Mayhew is professor of philosophy at Seton Hall University, where he has taught for more than two decades. His primary research interest is in ancient philosophy, and he has published several books on Aristotle, Plato and other Greeks. He also serves on the board of directors of the Ayn Rand Institute and that of the Anthem Foundation for Objectivist Scholarship.

“As I said, this series actually began not as an idea for a series, but for one volume, on We the Living,” Mayhew notes. “But since the publisher I contacted was so enthusiastic, as were most of the contributors I approached, I quickly decided that there should be such volumes on all four novels. More than a couple of well-intentioned and intelligent Objectivists advised me to begin with the two most popular novels and not with We the Living; but the idea for a collection on that book was so fixed in my mind, I wouldn’t hear it. And I’m very happy that the series did develop in chronological order.

“I felt a great deal of freedom in editing these collections. I could solicit the essays I wanted from the people I wanted. In some cases, I had a specific person in mind for a specific topic. In others, I knew I wanted someone to write on something, and added that he or she could choose the topic. For instance, I had heard somewhere that Leonard Peikoff had a special connection to The Fountainhead, so I decided to ask him for an interview, the transcripts of which would make for a nice closer to the Fountainhead volume. He agreed, and I talked to him for over an hour about the novel. That was a memorable experience.  

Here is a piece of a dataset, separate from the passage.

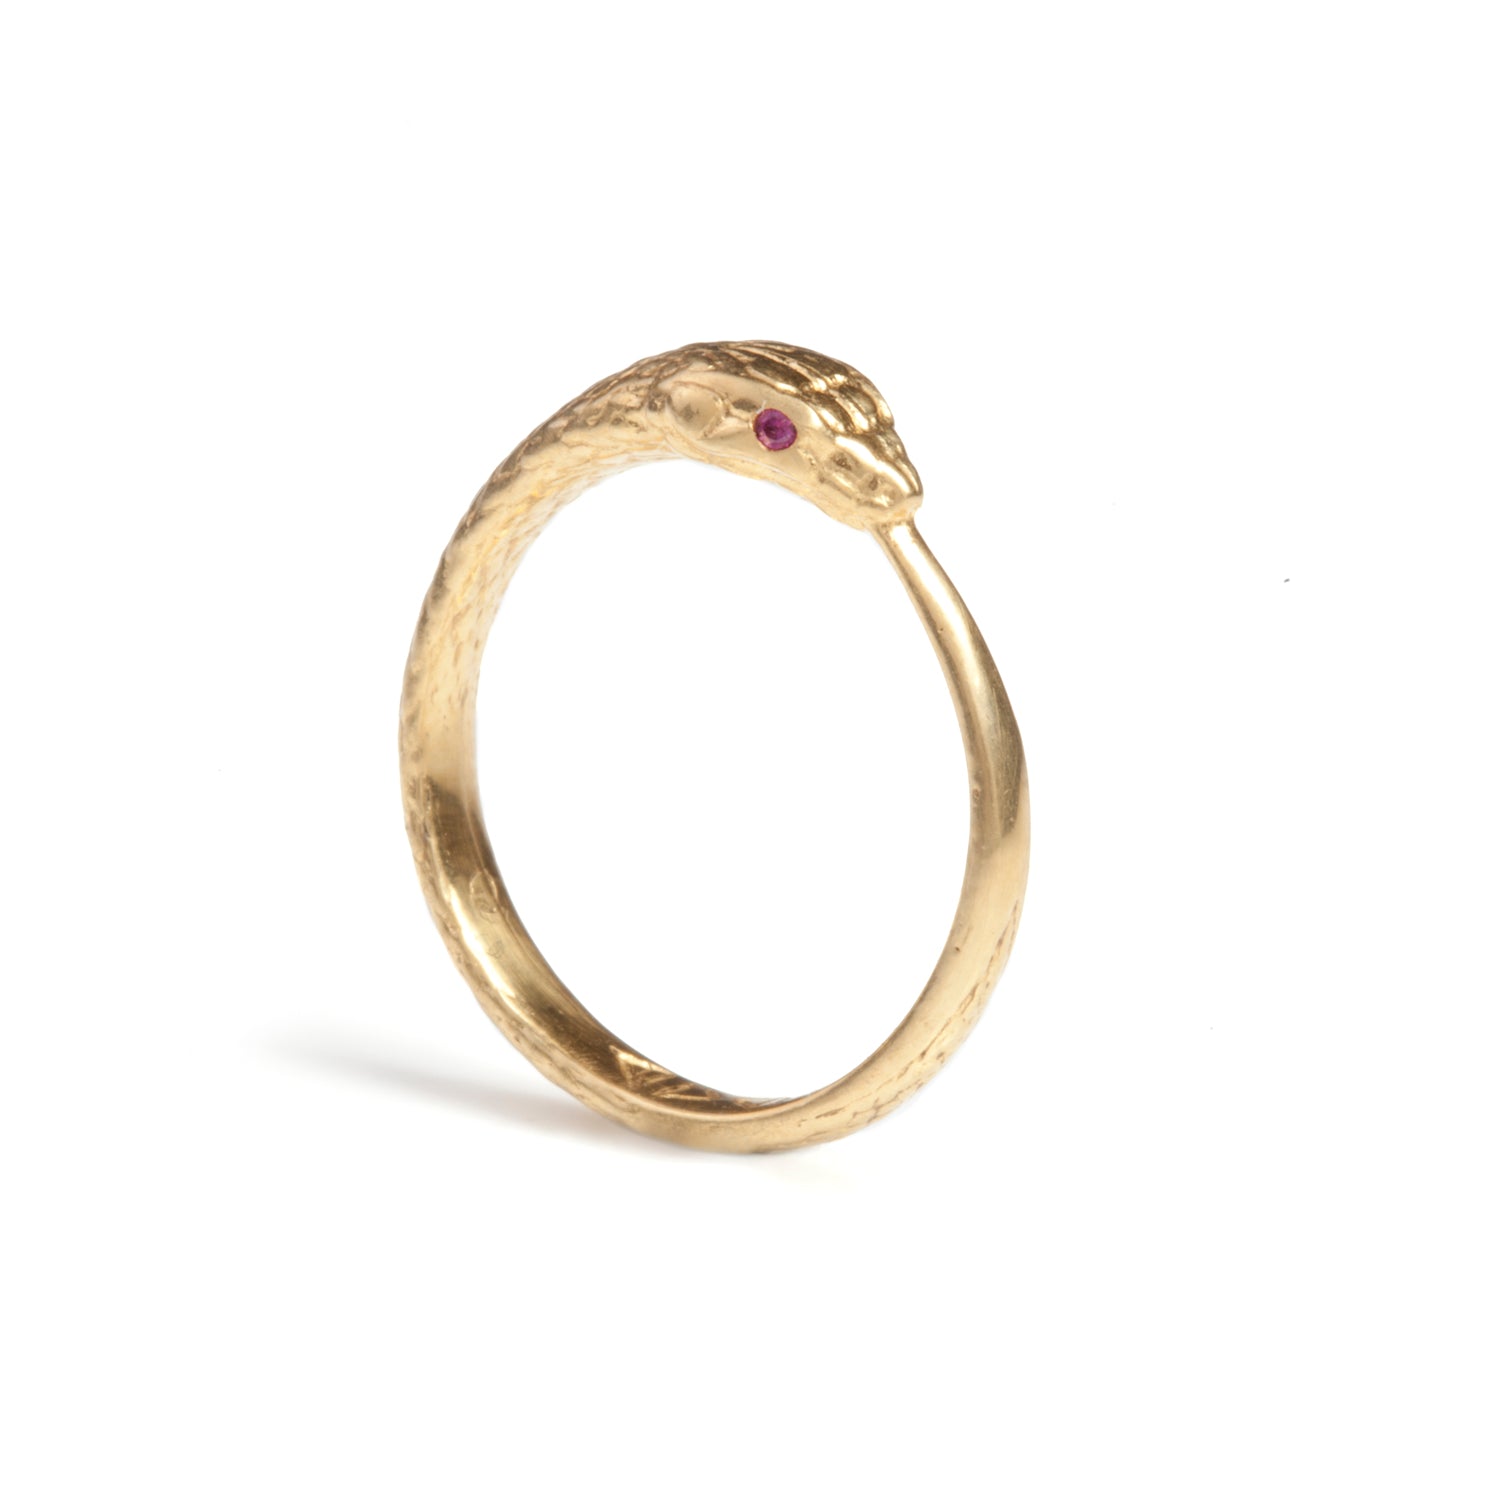 Rachel Entwistle Ouroboros Snake Ring Limited Edition With Rubies - J / Gold Vermeil

“In one case, for the Atlas collection, I contacted Tara Smith and told her I wanted her to write on the danger of non-objective law. She, however, wanted to write on the stark opposition of good or evil presented in the novel. I said she could write on the second topic, but I made the case for the crucial importance of the first — and why she was the perfect person to write about it. After some resistance, she agreed to write on both. That was a good result!

“Also, I had heard from Allan Gotthelf in the mid-1980s that he had made an outline of Galt’s speech, which he showed to and discussed with Ayn Rand. I asked him if he could write something about that for the Atlas collection, and he ended up contributing ‘Galt’s Speech in Five Sentences (and Forty Questions).’”

In his preface to the Atlas collection, Mayhew writes: “The preparation of this collection began, and some of the essays in it were written, in 2007, the year marking the fiftieth anniversary of the publication of Atlas Shrugged. Since its publication, the novel has never been out of print, and in the first decade of the twenty-first century it still averages sales of well over 100,000 copies a year.” Now, only ten years later, Rand’s magnum opus sells more than 200,000 copies a year, with no end to its popularity in sight.

Says Mayhew: “I’m very proud of these collections, which I think remain state of the art.”